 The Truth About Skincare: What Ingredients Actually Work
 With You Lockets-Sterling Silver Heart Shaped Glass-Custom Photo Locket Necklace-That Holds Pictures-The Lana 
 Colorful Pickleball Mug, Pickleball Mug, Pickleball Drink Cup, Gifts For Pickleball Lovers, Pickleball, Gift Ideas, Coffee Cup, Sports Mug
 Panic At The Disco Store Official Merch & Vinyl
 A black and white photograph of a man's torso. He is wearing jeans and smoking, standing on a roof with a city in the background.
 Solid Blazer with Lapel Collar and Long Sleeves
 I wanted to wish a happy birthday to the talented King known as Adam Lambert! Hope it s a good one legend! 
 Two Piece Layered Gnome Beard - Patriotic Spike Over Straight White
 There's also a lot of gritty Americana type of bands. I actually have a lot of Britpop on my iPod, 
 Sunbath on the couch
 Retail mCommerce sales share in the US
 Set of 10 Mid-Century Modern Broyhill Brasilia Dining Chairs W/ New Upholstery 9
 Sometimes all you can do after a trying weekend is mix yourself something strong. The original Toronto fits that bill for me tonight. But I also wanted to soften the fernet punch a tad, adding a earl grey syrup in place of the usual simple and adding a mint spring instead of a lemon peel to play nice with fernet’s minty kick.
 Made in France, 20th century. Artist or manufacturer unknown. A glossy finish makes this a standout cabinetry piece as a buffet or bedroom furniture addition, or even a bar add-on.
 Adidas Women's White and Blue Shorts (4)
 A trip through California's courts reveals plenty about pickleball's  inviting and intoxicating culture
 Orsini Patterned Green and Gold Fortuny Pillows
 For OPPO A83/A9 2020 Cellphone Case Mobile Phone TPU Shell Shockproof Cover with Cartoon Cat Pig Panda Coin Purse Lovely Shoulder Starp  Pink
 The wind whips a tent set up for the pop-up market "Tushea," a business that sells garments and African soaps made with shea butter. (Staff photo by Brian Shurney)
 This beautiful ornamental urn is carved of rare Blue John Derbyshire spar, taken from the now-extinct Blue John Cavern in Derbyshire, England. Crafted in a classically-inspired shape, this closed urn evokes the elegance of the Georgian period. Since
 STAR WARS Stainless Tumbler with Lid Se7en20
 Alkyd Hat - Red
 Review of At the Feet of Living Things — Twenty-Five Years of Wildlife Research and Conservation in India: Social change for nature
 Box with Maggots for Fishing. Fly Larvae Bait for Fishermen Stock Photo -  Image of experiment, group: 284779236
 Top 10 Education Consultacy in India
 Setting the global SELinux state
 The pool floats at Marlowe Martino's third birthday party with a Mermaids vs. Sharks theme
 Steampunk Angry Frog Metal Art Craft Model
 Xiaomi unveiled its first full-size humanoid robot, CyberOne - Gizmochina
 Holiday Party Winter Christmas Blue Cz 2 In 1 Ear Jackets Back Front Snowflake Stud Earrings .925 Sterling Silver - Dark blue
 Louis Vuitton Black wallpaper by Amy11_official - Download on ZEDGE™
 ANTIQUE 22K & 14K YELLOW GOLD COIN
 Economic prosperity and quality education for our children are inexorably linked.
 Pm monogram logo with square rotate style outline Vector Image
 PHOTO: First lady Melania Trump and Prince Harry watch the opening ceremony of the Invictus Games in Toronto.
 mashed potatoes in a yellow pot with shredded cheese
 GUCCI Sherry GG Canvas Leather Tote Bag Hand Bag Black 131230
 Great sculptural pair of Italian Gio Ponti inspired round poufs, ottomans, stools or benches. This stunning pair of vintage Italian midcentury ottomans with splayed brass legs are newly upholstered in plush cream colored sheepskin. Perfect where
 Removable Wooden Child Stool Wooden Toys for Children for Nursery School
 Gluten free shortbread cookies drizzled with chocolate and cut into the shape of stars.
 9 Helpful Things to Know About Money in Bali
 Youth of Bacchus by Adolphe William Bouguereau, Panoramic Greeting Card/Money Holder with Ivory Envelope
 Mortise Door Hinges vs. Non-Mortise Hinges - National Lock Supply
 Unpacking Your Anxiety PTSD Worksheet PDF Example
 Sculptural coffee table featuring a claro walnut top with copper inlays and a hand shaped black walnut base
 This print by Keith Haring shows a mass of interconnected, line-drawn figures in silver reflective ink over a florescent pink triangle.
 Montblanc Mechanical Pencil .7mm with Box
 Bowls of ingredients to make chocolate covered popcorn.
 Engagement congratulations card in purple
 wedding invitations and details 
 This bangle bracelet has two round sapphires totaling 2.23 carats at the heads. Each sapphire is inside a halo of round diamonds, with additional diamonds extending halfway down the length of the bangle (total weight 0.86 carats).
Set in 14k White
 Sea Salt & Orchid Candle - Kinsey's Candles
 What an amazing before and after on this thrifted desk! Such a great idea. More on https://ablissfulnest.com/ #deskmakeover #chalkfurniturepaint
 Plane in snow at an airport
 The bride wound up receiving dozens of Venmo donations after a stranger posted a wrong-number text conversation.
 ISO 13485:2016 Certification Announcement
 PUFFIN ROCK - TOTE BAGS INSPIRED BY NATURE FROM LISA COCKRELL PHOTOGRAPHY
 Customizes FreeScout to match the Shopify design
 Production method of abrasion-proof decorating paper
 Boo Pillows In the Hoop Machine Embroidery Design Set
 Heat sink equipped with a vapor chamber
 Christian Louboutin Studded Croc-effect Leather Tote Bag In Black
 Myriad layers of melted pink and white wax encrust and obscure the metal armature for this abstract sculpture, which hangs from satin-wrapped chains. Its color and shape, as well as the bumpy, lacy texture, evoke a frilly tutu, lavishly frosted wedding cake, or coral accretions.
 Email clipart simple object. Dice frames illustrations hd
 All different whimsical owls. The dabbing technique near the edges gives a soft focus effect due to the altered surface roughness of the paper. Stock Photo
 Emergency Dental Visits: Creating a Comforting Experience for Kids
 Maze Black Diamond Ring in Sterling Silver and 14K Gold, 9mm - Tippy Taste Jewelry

§ **THE TASK**
Repeat, character for character, the lines of the material above from the line with "Setting the global SELinux state" through the line with "GUCCI Sherry GG".

§ **SOLUTION TO THIS PROBLEM**
 Setting the global SELinux state
 The pool floats at Marlowe Martino's third birthday party with a Mermaids vs. Sharks theme
 Steampunk Angry Frog Metal Art Craft Model
 Xiaomi unveiled its first full-size humanoid robot, CyberOne - Gizmochina
 Holiday Party Winter Christmas Blue Cz 2 In 1 Ear Jackets Back Front Snowflake Stud Earrings .925 Sterling Silver - Dark blue
 Louis Vuitton Black wallpaper by Amy11_official - Download on ZEDGE™
 ANTIQUE 22K & 14K YELLOW GOLD COIN
 Economic prosperity and quality education for our children are inexorably linked.
 Pm monogram logo with square rotate style outline Vector Image
 PHOTO: First lady Melania Trump and Prince Harry watch the opening ceremony of the Invictus Games in Toronto.
 mashed potatoes in a yellow pot with shredded cheese
 GUCCI Sherry GG Canvas Leather Tote Bag Hand Bag Black 131230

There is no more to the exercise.